この書き方は非常に直感的で、「fruitsリストの中から、一つずつfruitとして取り出して処理する」という意味が一目で理解できます。コードの可読性が高く、バグも入りにくいのが特徴です。

文字列もイテラブルなオブジェクトなので、for文で一文字ずつ取り出すことができます。例えば、文字列の各文字に対して何らかの処理を行いたい場合に便利です。

enumerate関数で要素とインデックスを同時に取得

リストの要素を処理する際、要素の値だけでなく、そのインデックス(位置情報)も同時に必要になることがあります。このような場合に便利なのがenumerate関数です。

enumerate関数を使うと、リストの各要素とそのインデックス番号を同時に取得できます。返されるのはタプル形式のデータで、最初の要素がインデックス、2番目の要素が値となっています。

students = ["田中", "佐藤", "鈴木"]
for index, name in enumerate(students):
    print(f"{index + 1}番目の生徒は{name}さんです")
このコードでは、indexに0, 1, 2という番号が入り、nameに対応する生徒名が入ります。出力時にindex + 1としているのは、人間にとって自然な「1番目、2番目…」という表現にするためです。

enumerate関数には開始番号を指定することもできます。「enumerate(リスト, start=1)」のように書くと、インデックスが1から始まります。
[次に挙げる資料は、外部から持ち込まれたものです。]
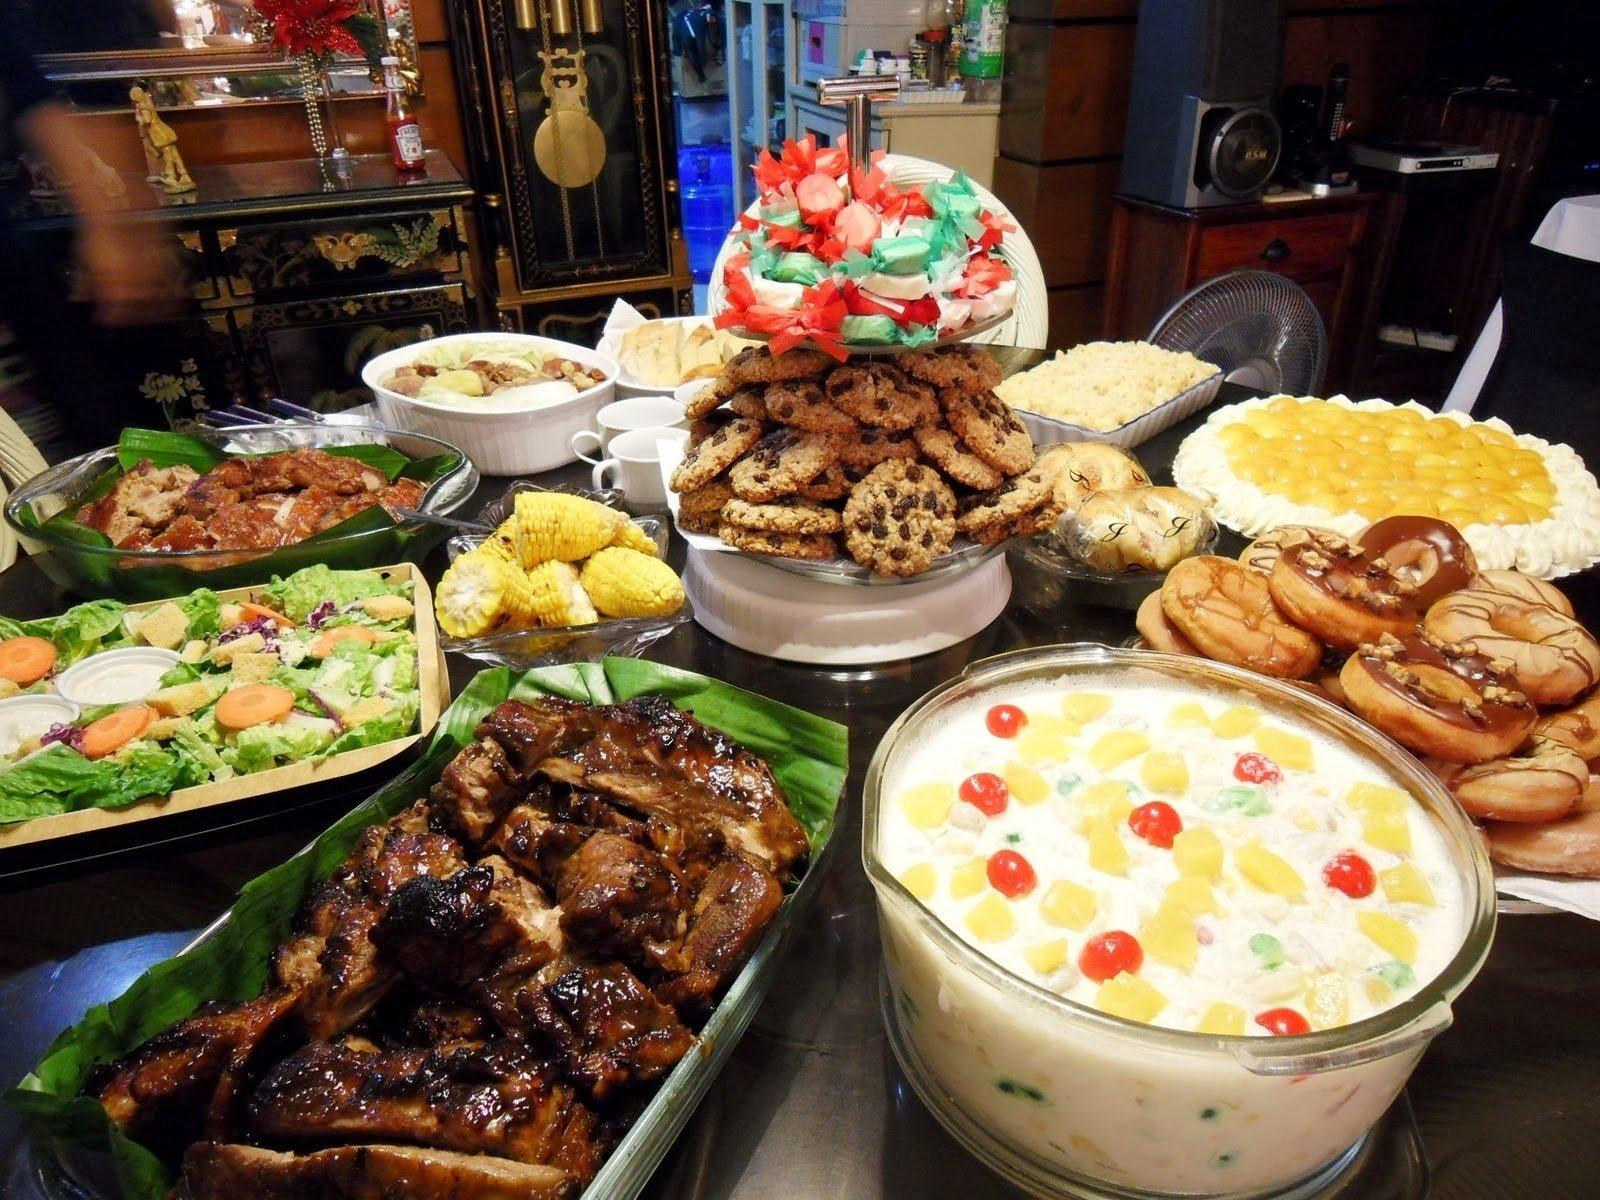 10 Stylish New Years Eve Dinner Ideas filipino media noche recipes on new years eve barako newsline 3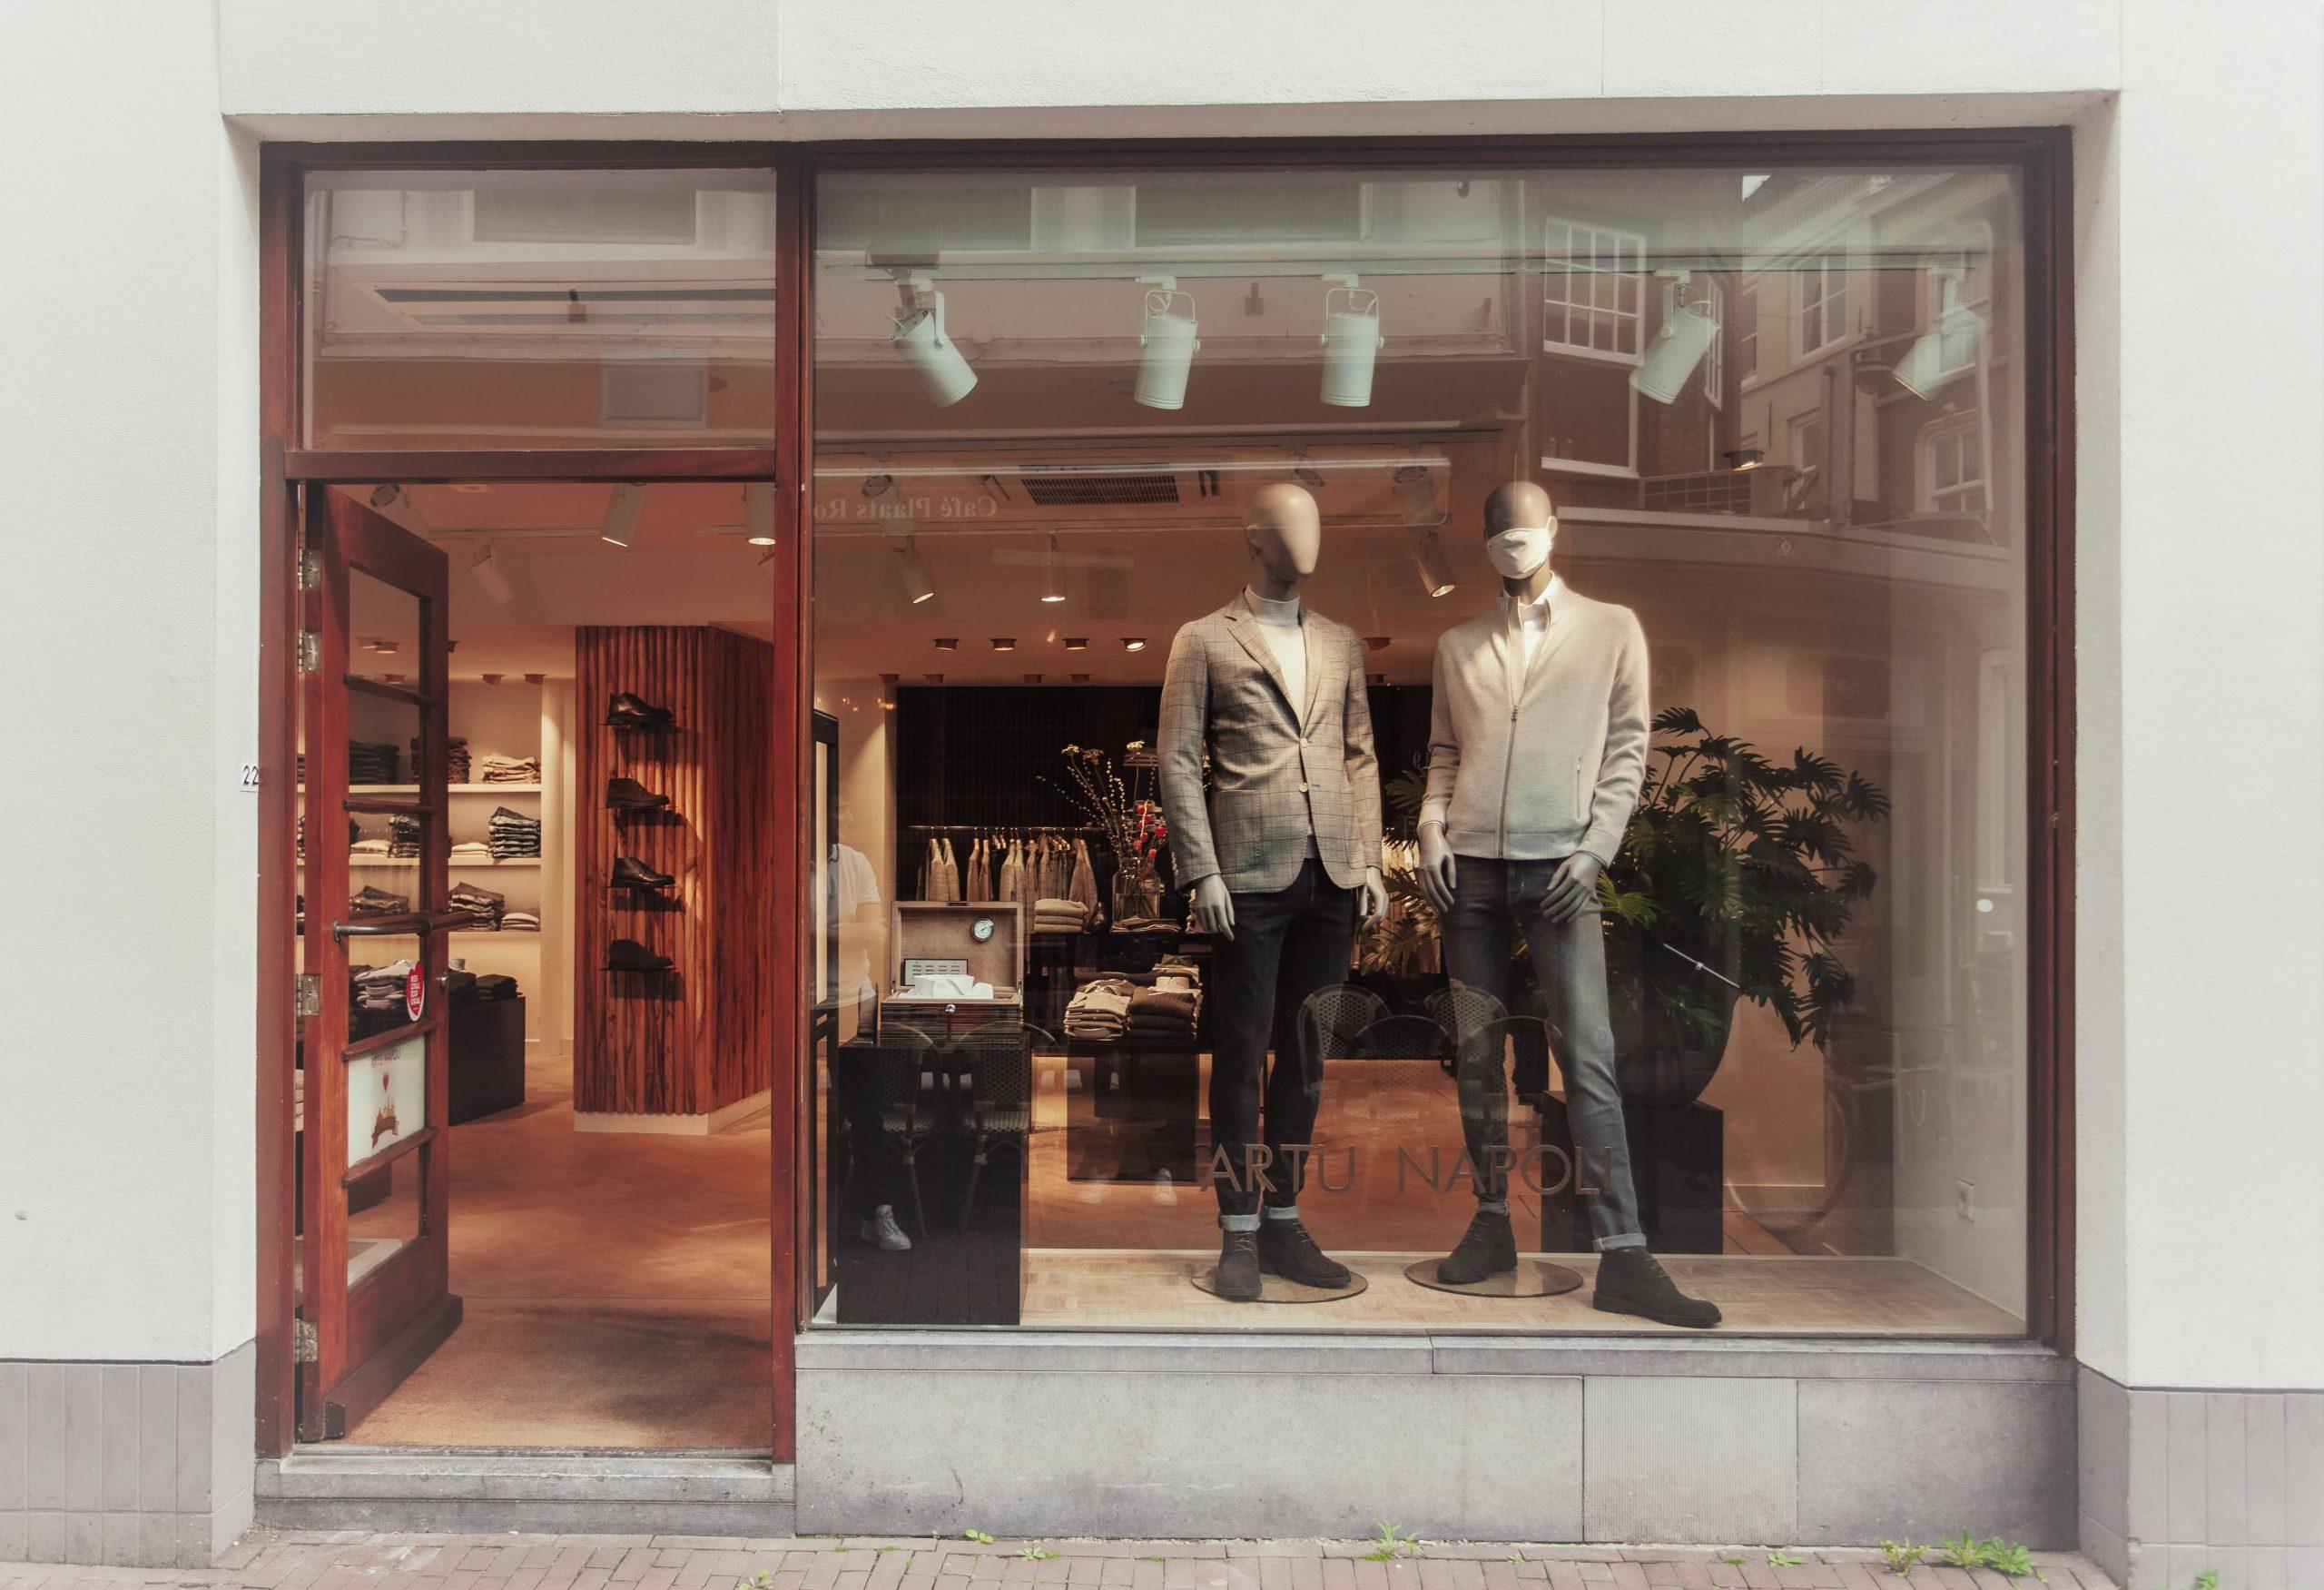 Artu Napoli Winkel Den Bosch

これにより、上記のような+1の計算を省略できます。

辞書型データの繰り返し処理

辞書型データ(dictionary)もfor文で効率的に処理できます。辞書は「キー」と「値」のペアでデータを管理するデータ構造で、実務でも非常によく使われます。

辞書をfor文で繰り返す際には、いくつかの方法があります。最もシンプルなのは辞書を直接for文に渡す方法で、この場合はキーのみが取り出されます。キーと値の両方を取得したい場合は、items()メソッドを使用します。

scores = {"数学": 85, "英語": 92, "国語": 78}
for subject, score in scores.items():
    print(f"{subject}の点数は{score}点です")
このコードでは、辞書の各ペアからキーをsubject変数に、値をscore変数に代入しながら処理を進めます。items()メソッドは、キーと値のタプルを順番に返してくれる便利な機能です。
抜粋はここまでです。